El licenciado Francisco Augusto Lora, vicepresidente de la República en el primer gobierno de los “doce años” del doctor Joaquín Balaguer, definió la reelección presidencial calificándola como una “hidra de siete cabezas”.
¿Dónde encontramos las causas de está tendencia al reeleccionismo presidencial? Primero, en la estructura social, ya que desde el nacimiento de nuestro Estado-nación la base económica era semifeudal y precapitalista. Segundo, los más de 350 años de dominación colonial española e interventores haitianos nos dejaron como legado prácticas autoritarias. Y, tercero, como secuela de lo anterior al tratar de construir el sistema presidencial imitado de los Estados Unidos de América, construimos realmente un sistema presidencialista caracterizado por una confusión entre
el poder ejecutivo y poder personal, que ha instituido como práctica cinco vicios inducidos frecuentados por los presidentes dominicanos hasta el día de hoy: el injerecismo, la malversación, el continuismo, el centralismo y el nepotismo.
Una reforma constitucional ajena a un sano propósito contribuirá con la degradación del sistema democrático.
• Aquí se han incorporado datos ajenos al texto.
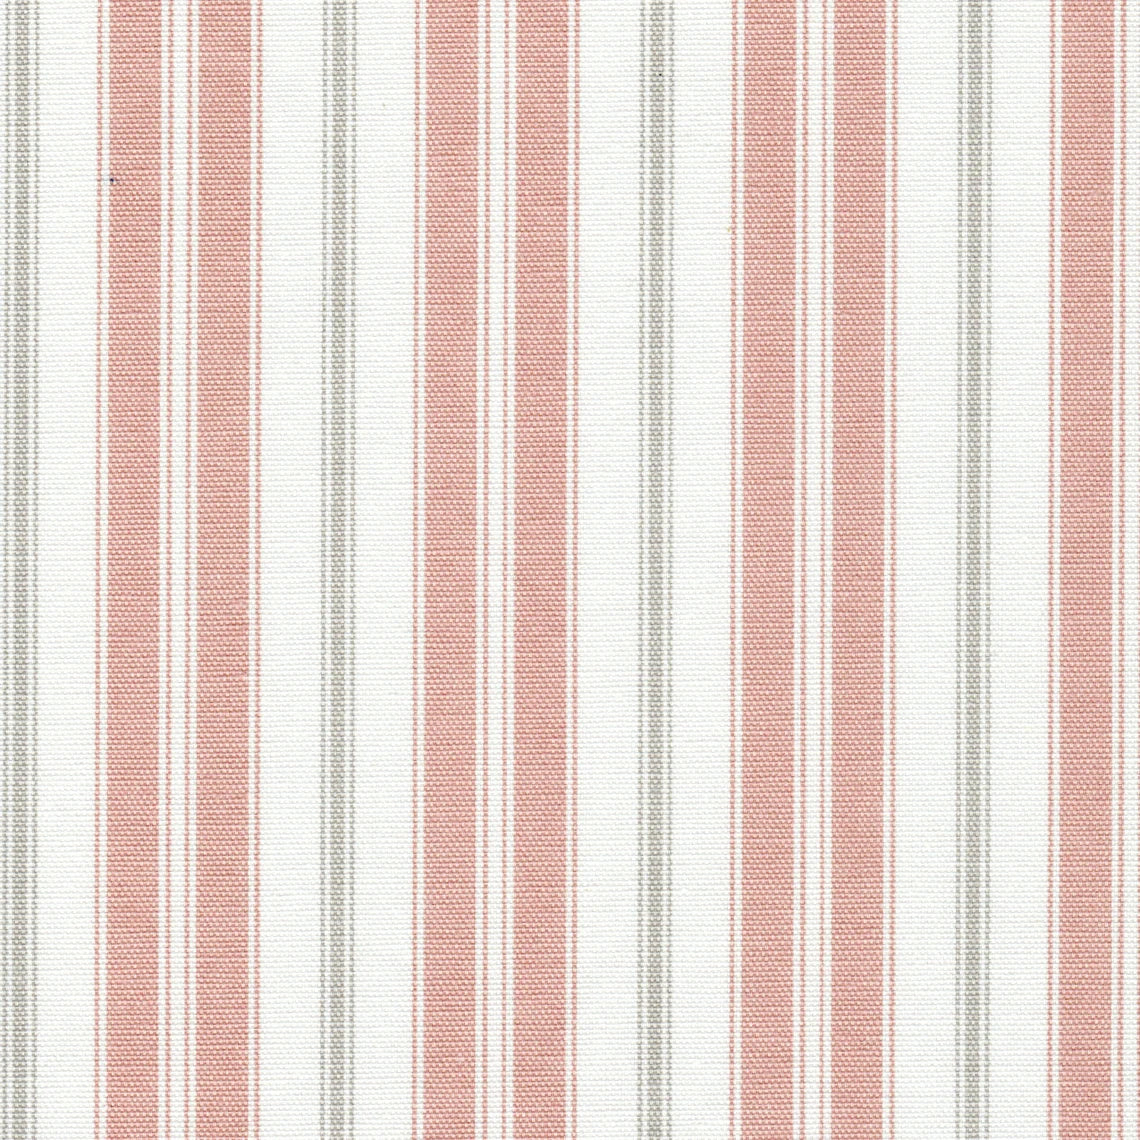 tailored valance in newbury blush stripe- pink, gray, white

Nuestra Constitución ha sido reformada esencialmente cuando llegan nuevos gobernantes. Todo nuevo régimen se apresura a aprobar una nueva reforma de la Constitución de la que pretende, lográndolo casi siempre, hacerse un traje a la medida.
Esas reformas no han sido para adecuar la ley sustantiva de la nación a la realidad cambiante; más bien, han alargado la distancia entre la realidad social y la “realidad constitucional”, como apunta Loewenstein, al referirse a la Constitución que no responde a la realidad. Una reforma y modernización del Estado implica una reforma constitucional que afronte la reelección presidencial, que se ha constituido en el principal obstáculo
para la construcción democrática, fuente de corrupción y desinstitucionalización. Prohibir la reelección de por vida, para quien ha ejercido la Presidencia de la República, contribuiría a eliminar el caudillismo y el autoritarismo, las manifestaciones más eficientes de reeleccionismo presidencial.